There was a downside to the technological progress made during the Old Kingdom. Feats of engineering like the Sphinx and the pyramids at Giza had made the Egyptians complacent. This feeling of invincibility was exacerbated by the position of their country, hidden as it was in the fertile Nile Valley. A word encapsulated how they felt about their civilisation - ma'at (stability). However, the situation on the ground was not as rosy as many Egyptians would have liked to think. The long reign of Pepi II had weakened central government, as the nomarchs (local governors) increasingly began to assert their independence from Pharaoh. On the death of Pepi II, everything collapsed. Any nominal authority exerted by central government disappeared, as the nomarchs jostled for position, attempting to found their own dynasties.
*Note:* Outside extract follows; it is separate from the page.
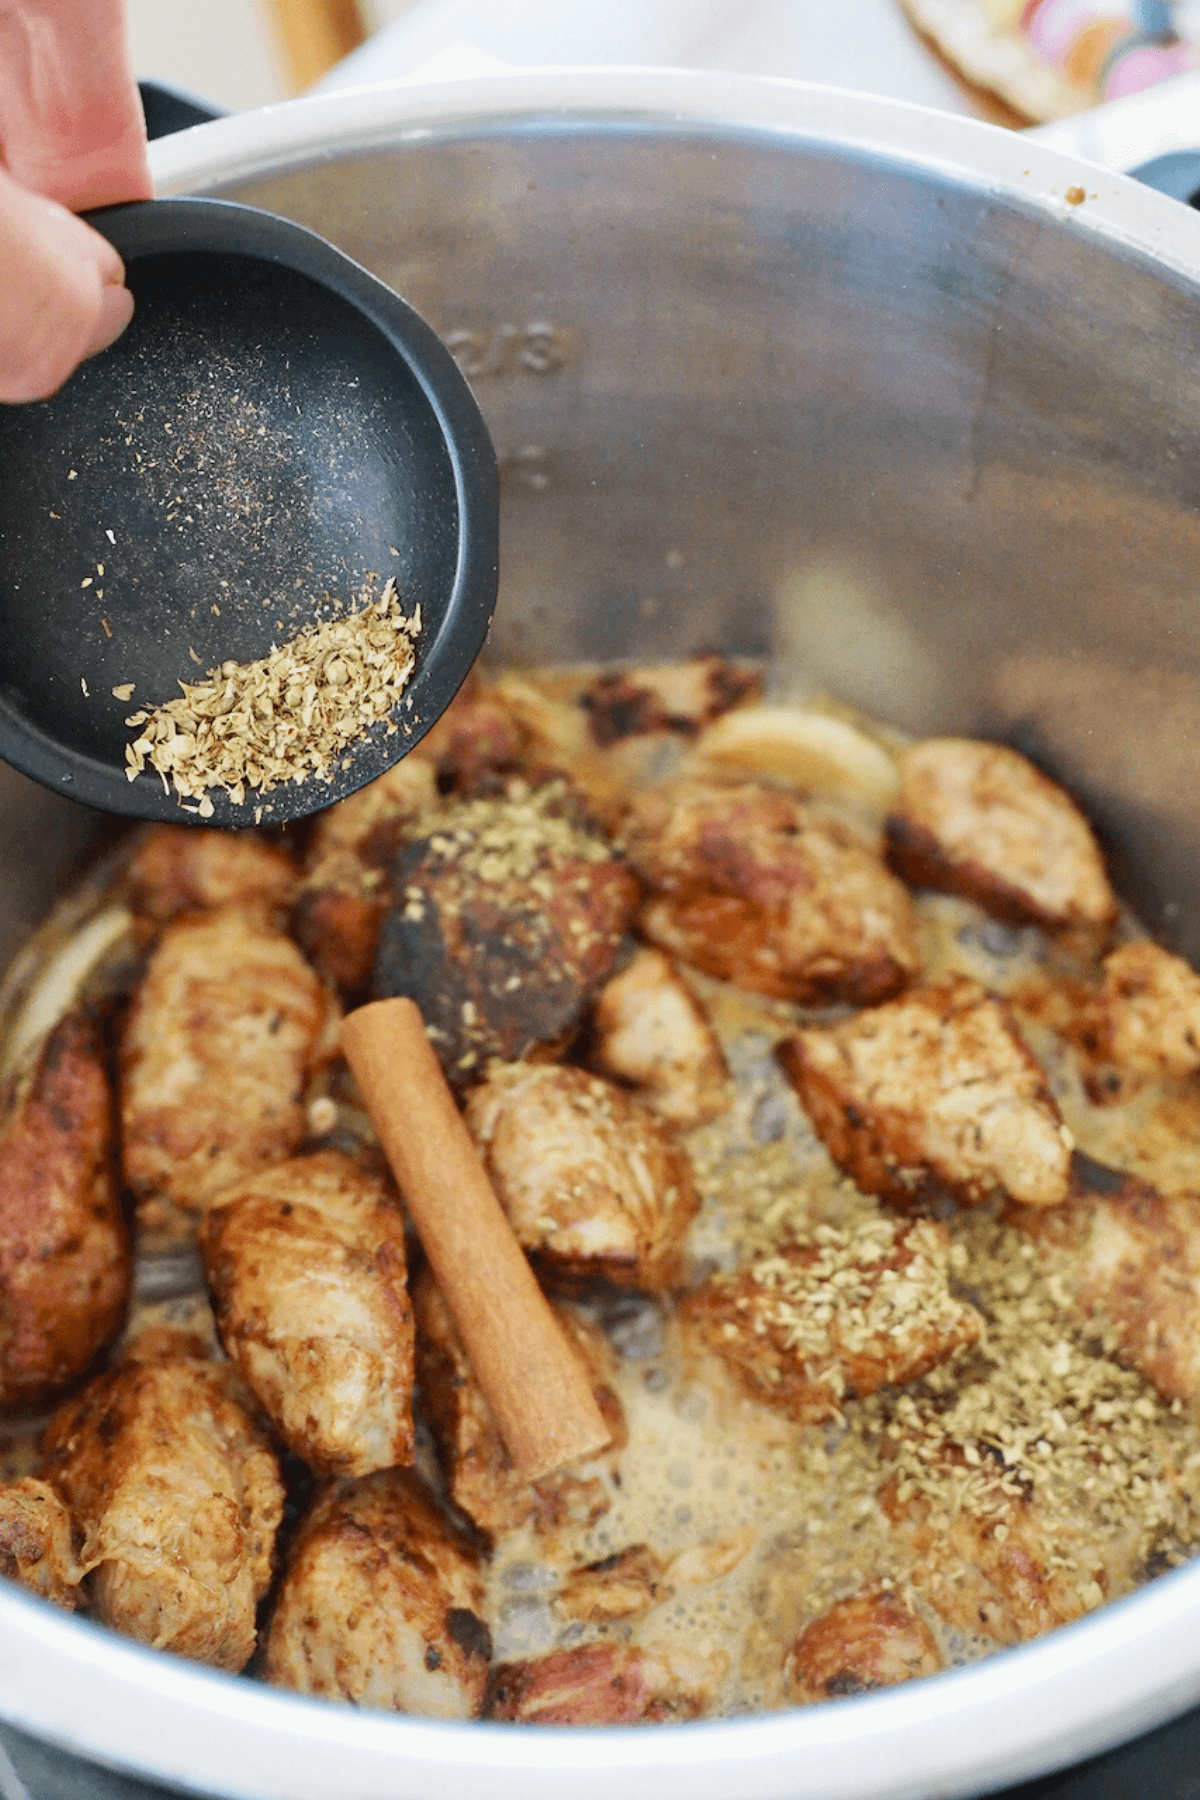 Add dried oregano and cinnamon stick to instant pot.

Papyri dating from the Middle Kingdom show this breakdown very clearly. Due to the unstable nature of the period, no firm historical records survive from the First Intermediate Period. There are some sources that mention a seventh dynasty which had 70 kings and which reigned for a total of 70 days. These are apocryphal, but nevertheless show how much the system had broken down.
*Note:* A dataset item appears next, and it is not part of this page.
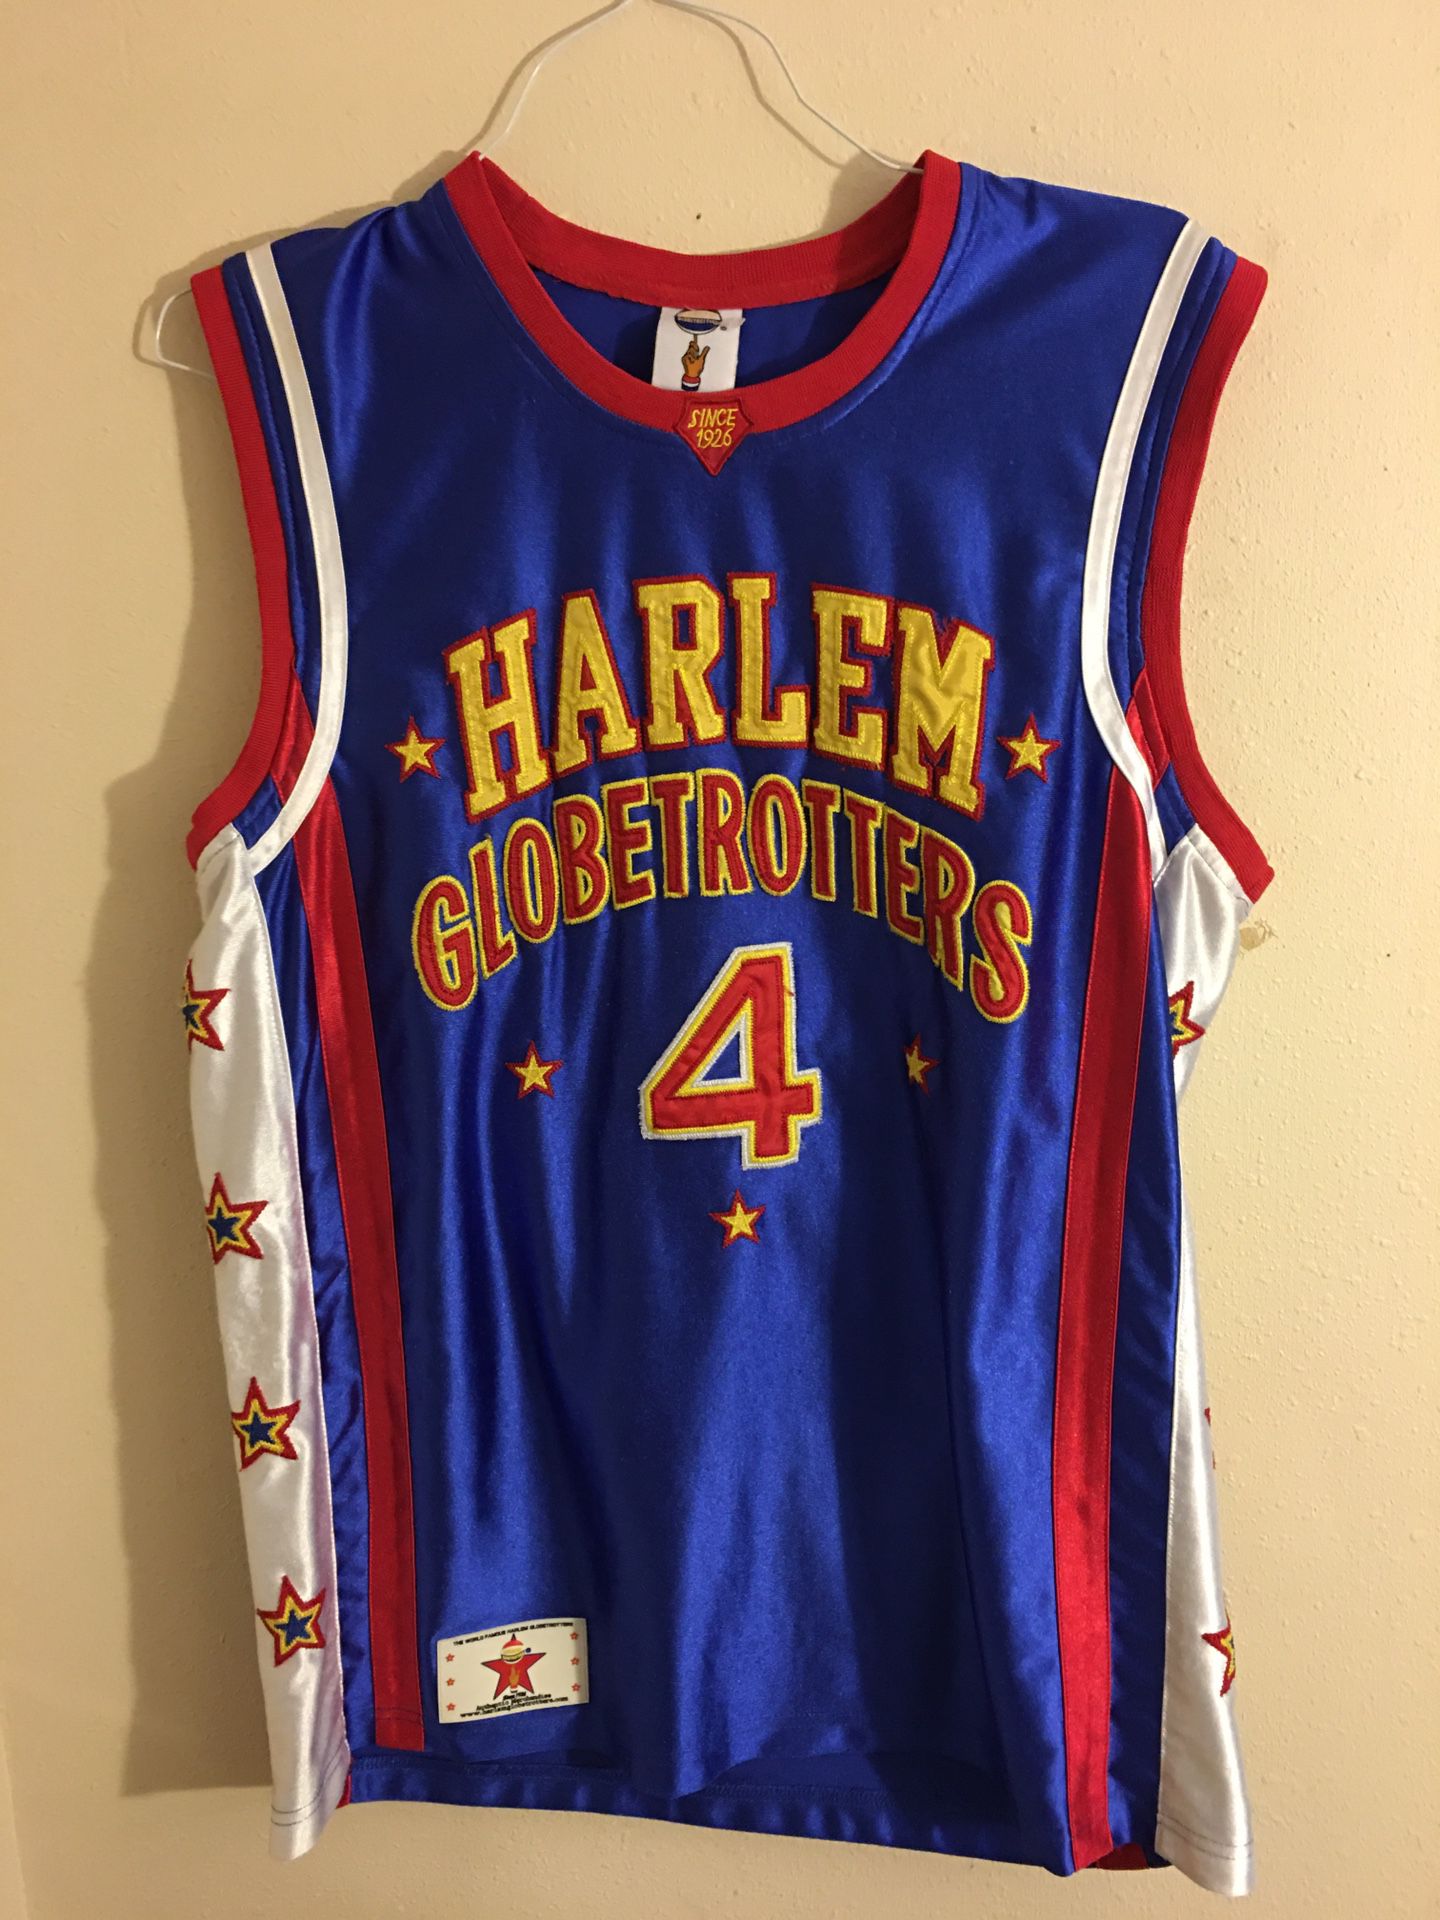 Vintage Harlem Globetrotters jersey

We can place an eighth dynasty, which was possibly descended in some way from Pepi II and which ruled from Memphis, but we must assume that any influence they exerted was confined to the area immediately around Memphis, as the Nile Delta has been invaded by "asiatics" (the name given by Egyptians to people from what we now call the Middle East). The kings of the eighth dynasty are somewhat ephemeral, but we know of 2 possible ones - Wajdkare and Qakare Iby.

After perhaps between 20 and 30 years, the eighth dynasty fell and the nomarchs once again jostled for supreme power. We now see the emergence of a ninth dynasty, ruling from Herakleopolis, perhaps founded by one Meryibre Khety. Both this dynasty and its Herakleopolitain successor, the tenth dynasty, seem to have been highly unstable, with frequent changes of ruler.

Running concurrent to the tenth dynasty, another dynasty was being established in Thebes (the eleventh dynasty). Founded by Intef I in c. 2134BC, the first 3 kings of DXI (all called Intef, by the way, and buried in an area called Dra Abu el-Naga, near to what would later become the Valley of the Kings) fought an ongoing conflict with the Herakleopolitain DX monarchs, with frequent clashes in the area around Abydos, where their two spheres of influence met. Intef II pushed the border North as far as Antaeopolis, taking the important cult centre of Abydos in the process, and his successor Intef III extended his influence further north to Asyut.